I sentieri dei Bagzan
Dunque eccoci qua con la nostra carovana: Bukka, fidata guida e interprete, Anoran, cuoco e straordinario narratore di indovinelli attorno al fuoco dei bivacchi, e Agi, silenzioso conduttore dei nostri due dromedari.
Nei giorni scorsi abbiamo attraversato la pianura con la jeep. Nell’Air non ci sono vere e proprie strade, ma solo piste in terra battuta che, nella stagione delle piogge, sono regolarmente rese impraticabili dallo straripamento dei fiumi. Interi villaggi possono restare isolati per mesi. Adesso però siamo alle soglie dell’inverno, il clima è secco e c’è gran movimento sulle piste. Accanto alle lente carovane di dromedari sfrecciano i camion, con i soliti carichi di cipolle…
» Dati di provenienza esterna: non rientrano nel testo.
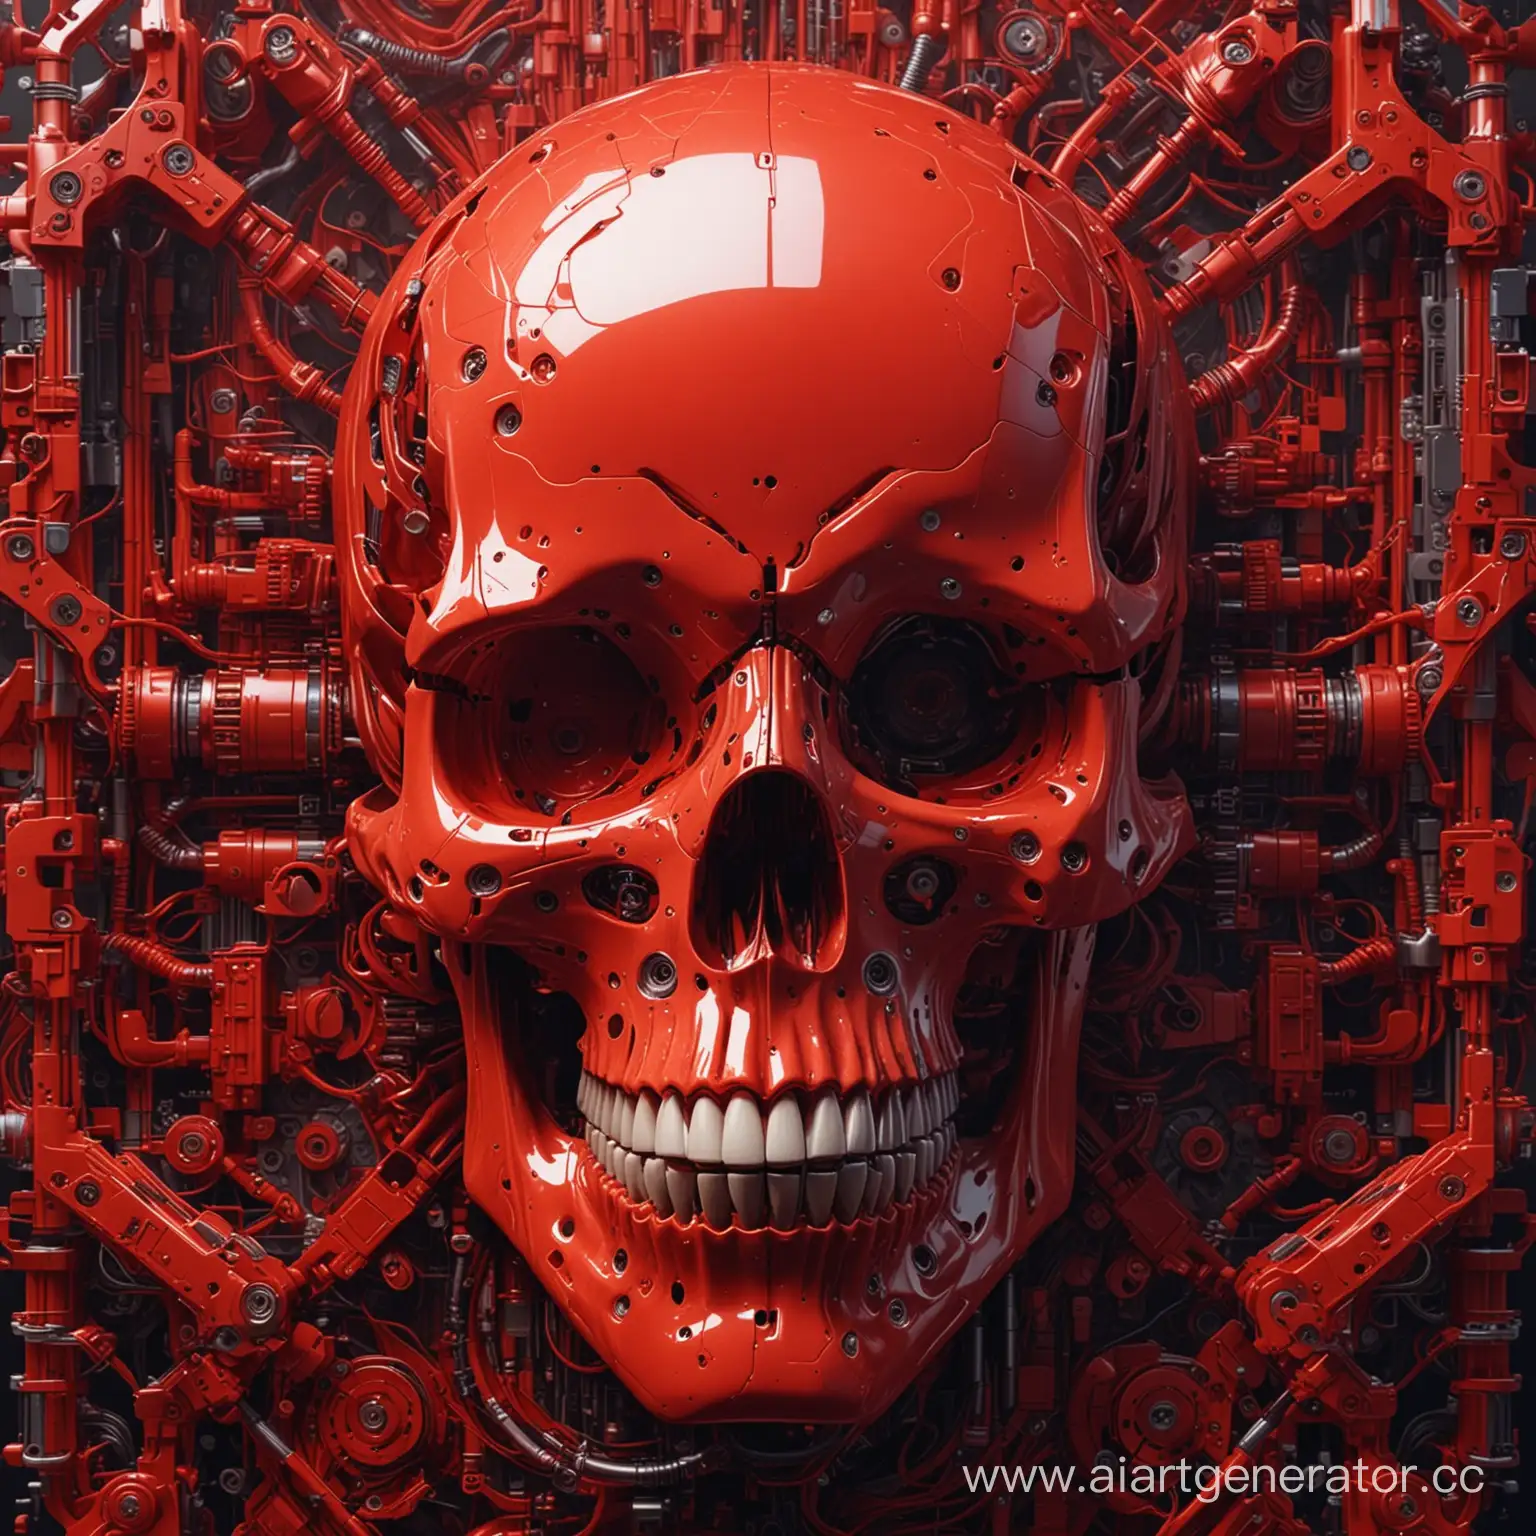 абстракция, роботический череп, всё в красных тонах, дизайн будущего, фотореалистичность

Ai piedi dei Bagzan abbiamo lasciato l’auto, per incamminarci lungo i sentieri che salgono dolcemente verso le montagne, attraverso gole intagliate fra ripide pareti.
Ora siamo accampati a poca distanza dal villaggio di Emalaoule, sull’altopiano. Attorno un paesaggio surreale, disseminato di gigantesche “uova” di granito, modellate dal vento e dal sole. All’orizzonte cumuli di rocce e, mille metri sotto di noi, l’immensa distesa dell’Air.

Cercasi alunni disperatamente…

Questa sera al campo c’è un ospite, arrivato giusto in tempo per l’immancabile tè dopo cena. Si chiama Soloulu ed è l’insegnante della futura scuola.
“Sulle nostre montagne il tasso di alfabetizzazione è quasi pari a zero – racconta, mentre, come vuole la tradizione, sorseggiamo il tè accompagnandolo con pezzetti di formaggio di capra – c’è una sola scuola a Bagzan Hammas, ma quest’anno le lezioni non sono ancora cominciate. I maestri sono in sciopero in tutto il Paese. Inoltre non è facile trovare qualcuno disposto a venire fin qui per insegnare”.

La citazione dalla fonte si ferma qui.